- Information supplied:

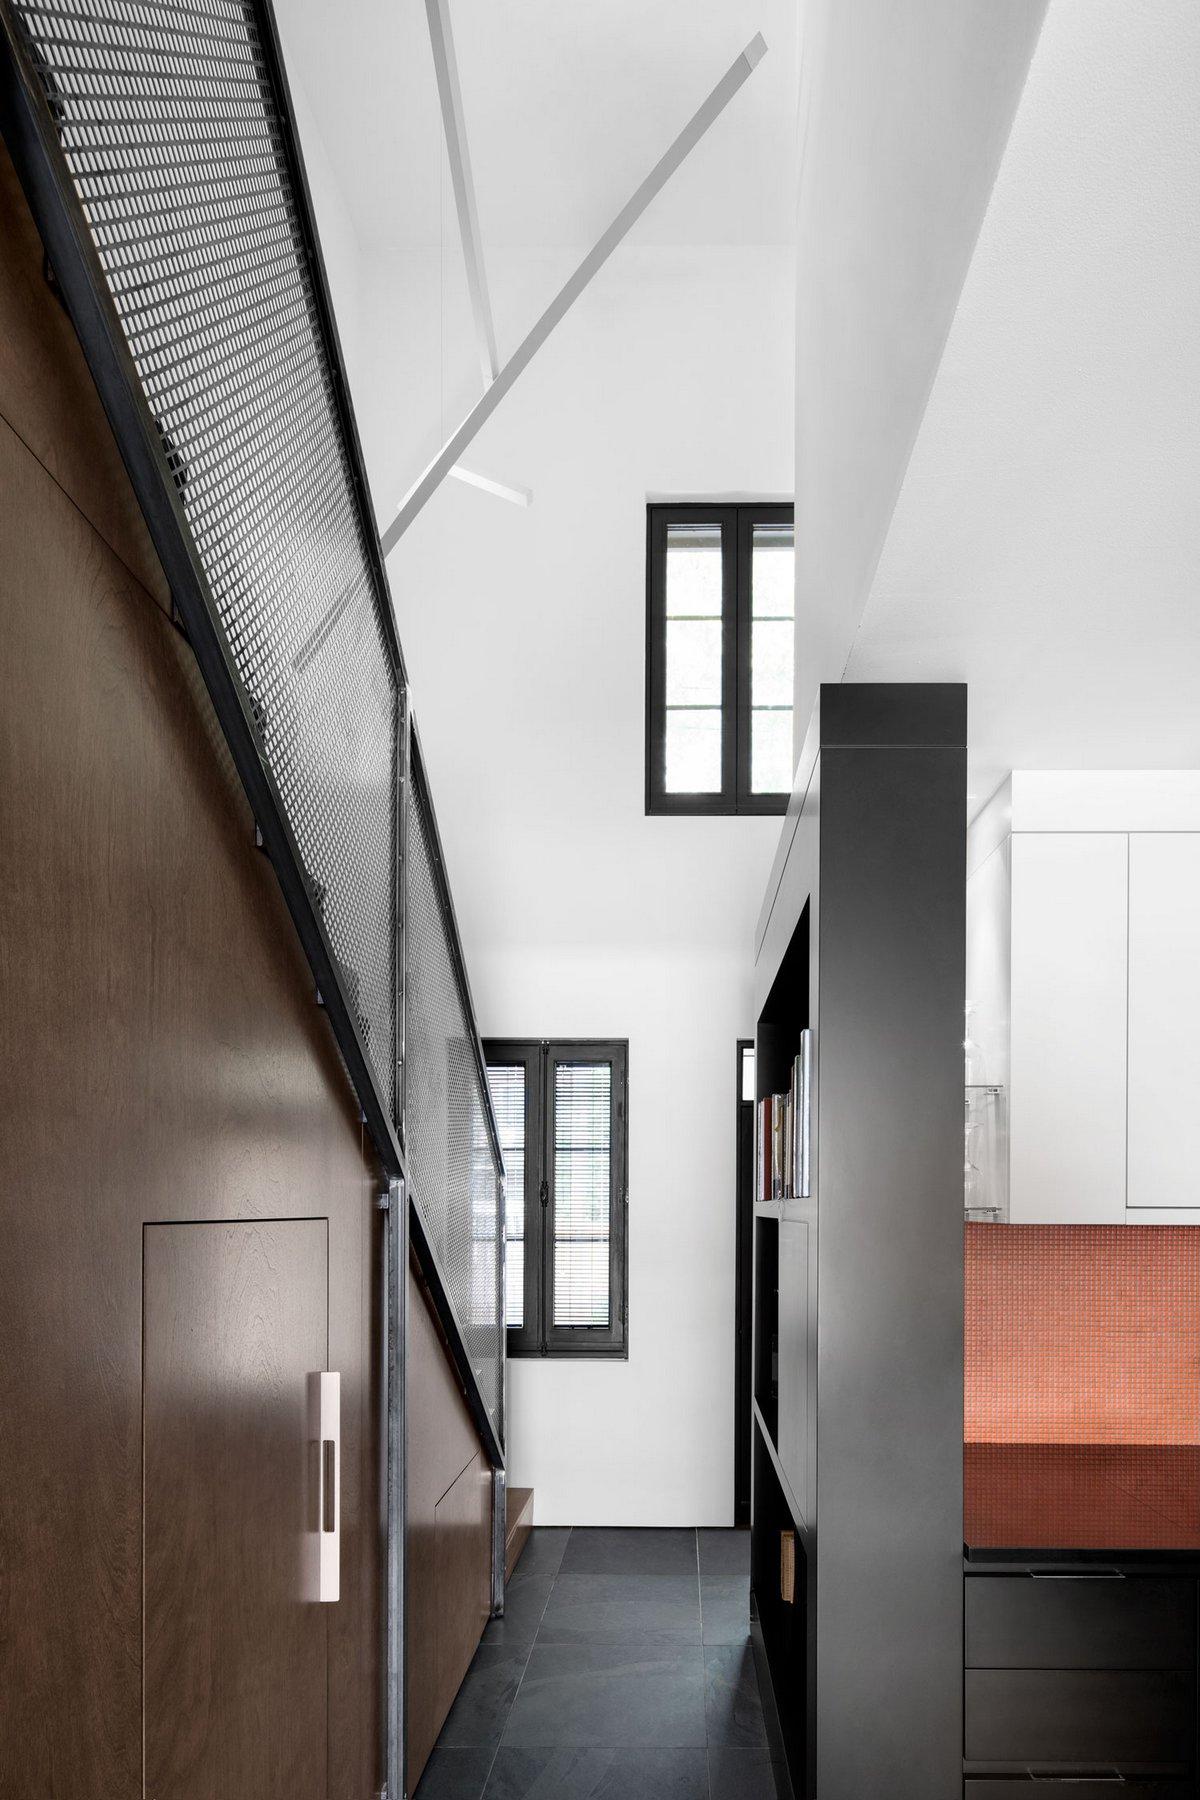 LeJeune, Architecture Open Form, черный фасад дома фото, интерьер в стиле минимализм фото, реставрация частного дома фото, маленький частный дом фото
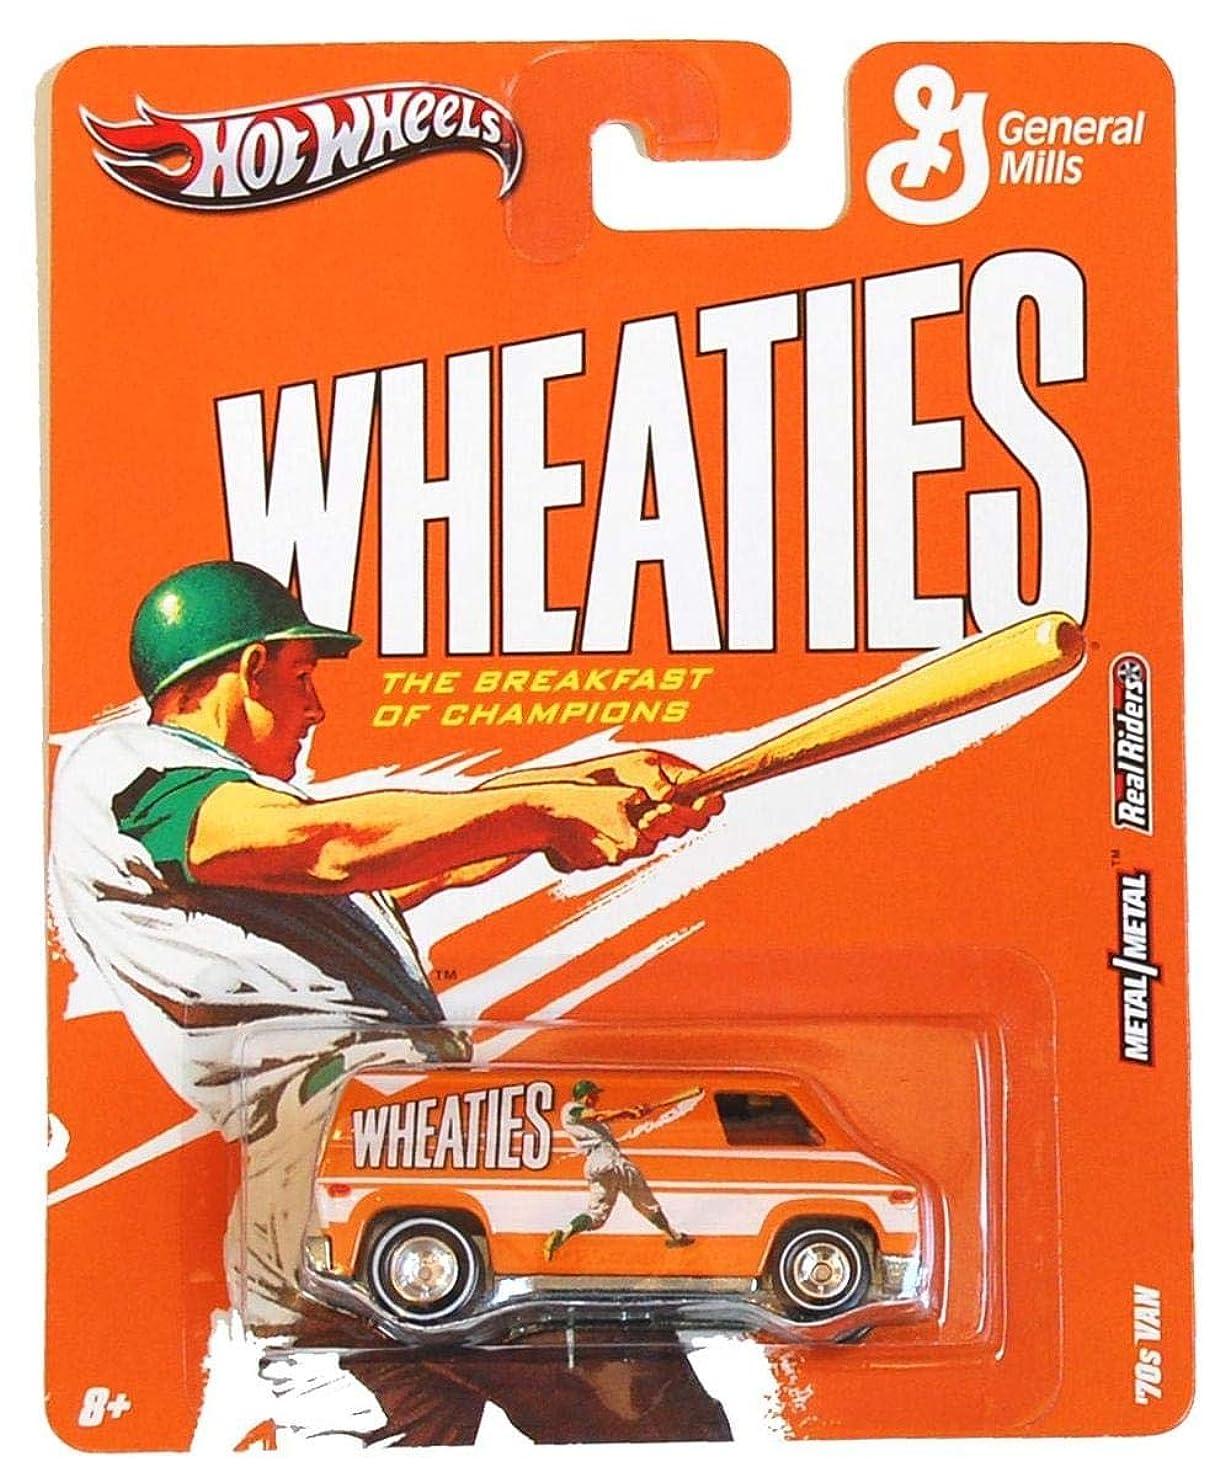 ボウリング植物学者まともな'70s VAN * WHEATIES * Hot Wheels General Mills Cereal 2011 Nostalgia Series 1:64 Scale Die-Cast Vehicle
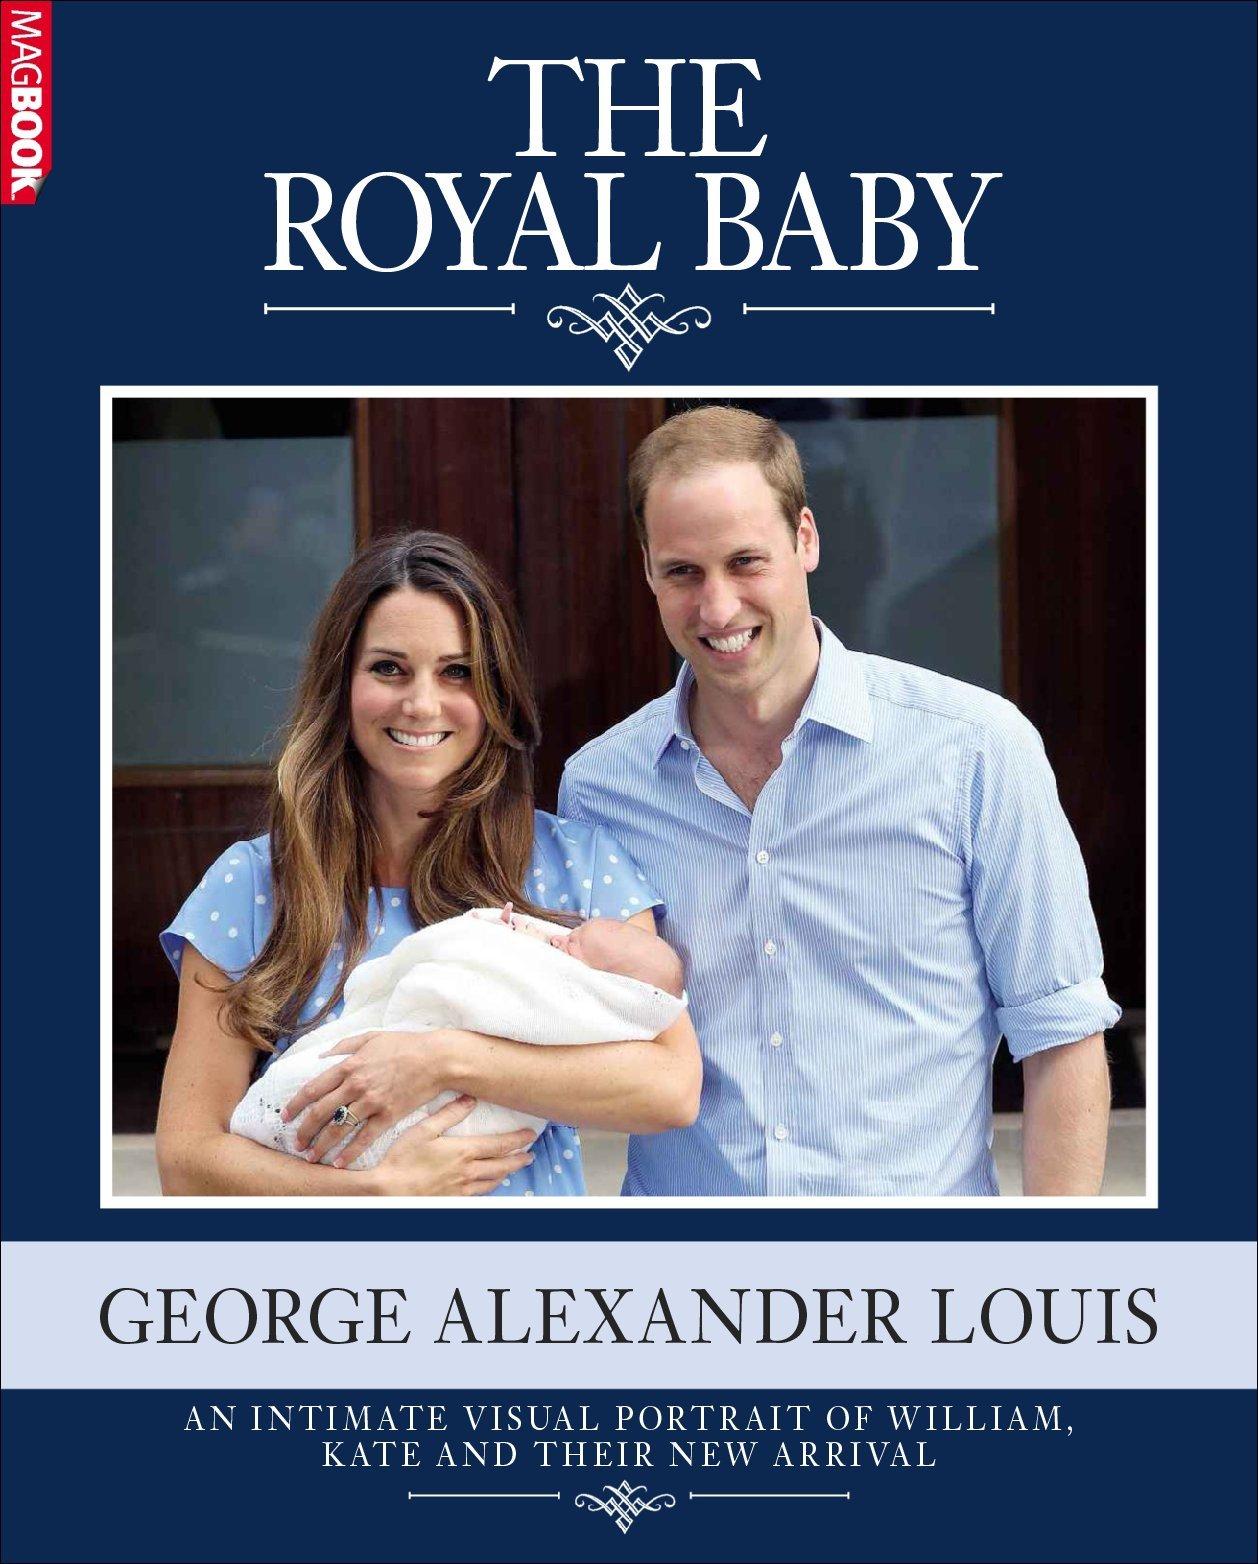 The Royal Baby Digital
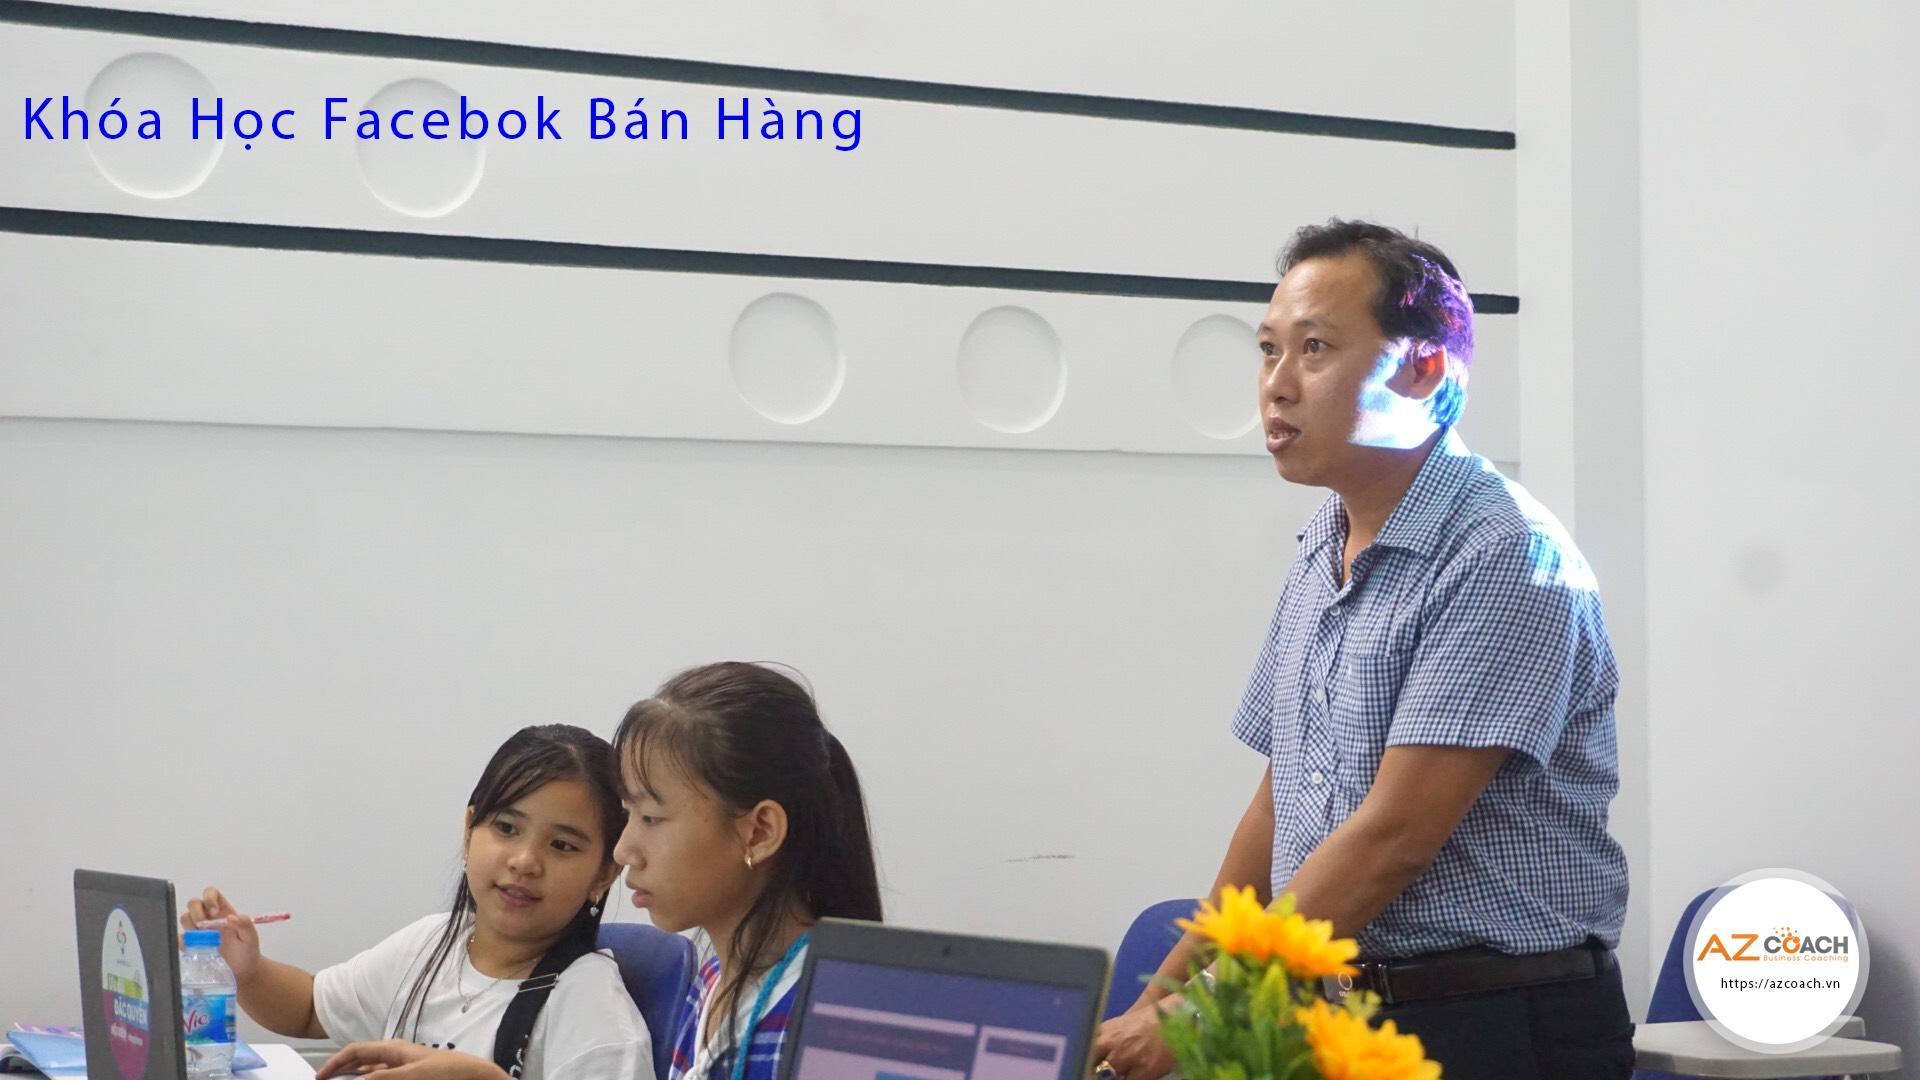 Buổi đầu tiên khóa 2 lớp học Facebook bán hàng

- What is being asked:
Once the pictures are removed, output the remaining material exactly.

- Answer to this task:
 LeJeune, Architecture Open Form, черный фасад дома фото, интерьер в стиле минимализм фото, реставрация частного дома фото, маленький частный дом фото
 ボウリング植物学者まともな'70s VAN * WHEATIES * Hot Wheels General Mills Cereal 2011 Nostalgia Series 1:64 Scale Die-Cast Vehicle
 The Royal Baby Digital
 Buổi đầu tiên khóa 2 lớp học Facebook bán hàng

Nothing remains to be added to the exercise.